Genotypic screening in more than 11,000 Australian community residents was done in 2005 by Delatycki et al. [28], and again confirmed a prevalence rate of 0.5% for C282Y homozygosity. Symptoms of tiredness were more common in homozygotes. An additional benefit of this study was that a follow-up questionnaire administered to C282Y homozygous subjects diagnosed by genetic screening indicated that genetic screening was acceptable to the population.
Adams et al. [22] showed that C282Y homozygosity is rare in nonwhite populations. In this North American study, 99,711 primary care participants were tested for genetic mutations and iron indices and underwent clinical assessment. The authors found the prevalence of C282Y mutation to be highest in whites (0.44%) and lowest in Asians (0.000039%). Self-reported history of liver disease was significantly higher in male C282Y homozygotes and compound heterozygotes.

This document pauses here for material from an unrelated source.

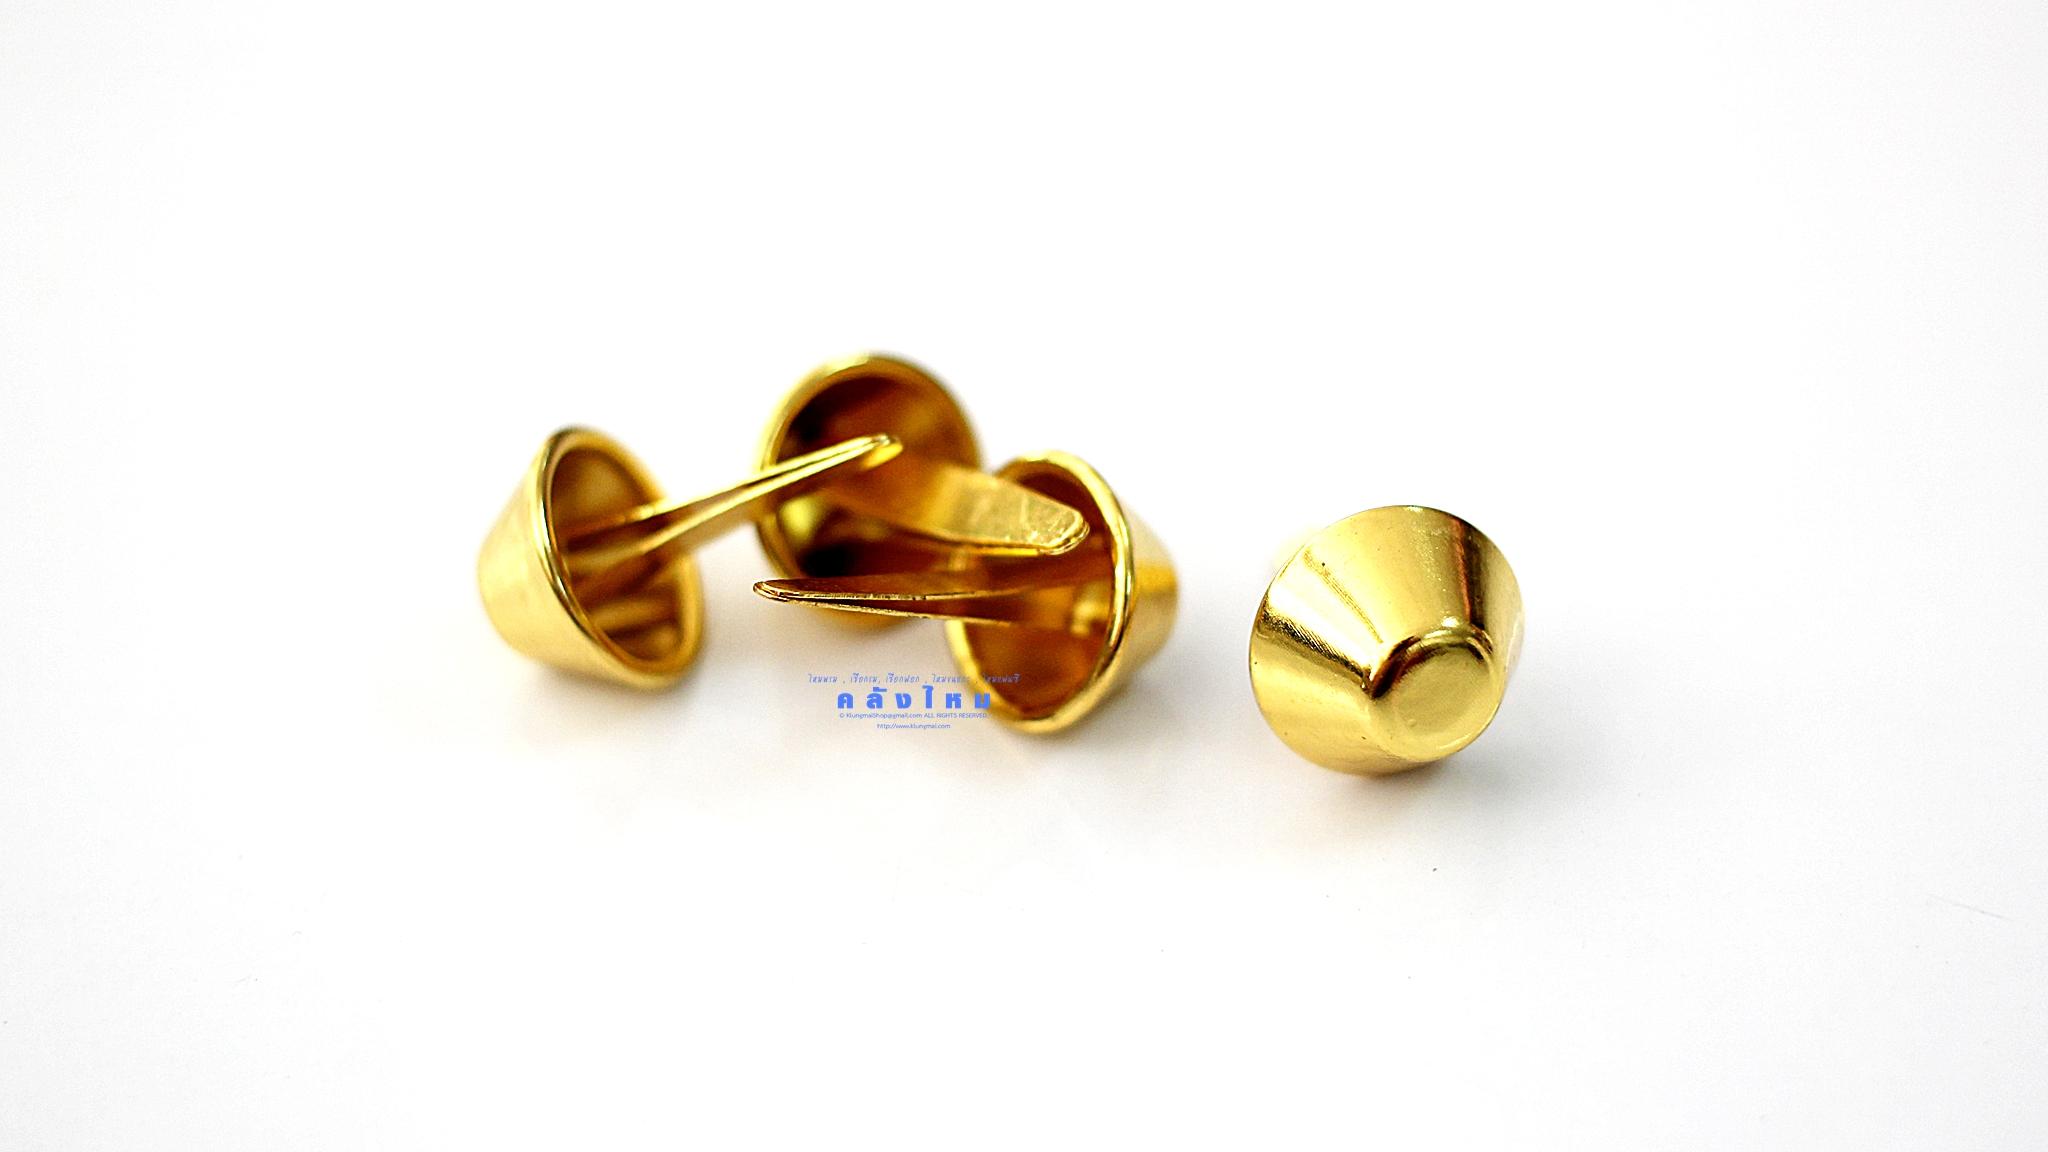 หมุดรองก้นกระเป๋า กรวยตัดเล็ก สีทอง (แพ็คละ 4 ชิ้น)

Contrary to the relatively high clinical expression in other population studies, Beutler et al. [25], in a study of 41,000 patients recruited from health appraisal clinics, reported that less than 1% of C282Y homozygotes developed an overt clinical phenotype. However, the majority of clinically diagnosed C282Y homozygotes diagnosed prior to the commencement of this study were excluded from the analysis. Plasma type IV collagen was used as a surrogate of hepatic fibrosis and indicated that up to 25% of subjects might have liver fibrosis, although no statistically significant relationship was seen between collagen type IV and serum ferritin concentrations. Surprisingly, the combination of symptoms (general health, chronic fatigue, joint symptoms, skin pigmentation, impotence, diabetes, arrhythmia, and elevated aspartate transaminase) that represent the common clinical features of HH were no more prevalent in C282Y homozygotes than in controls.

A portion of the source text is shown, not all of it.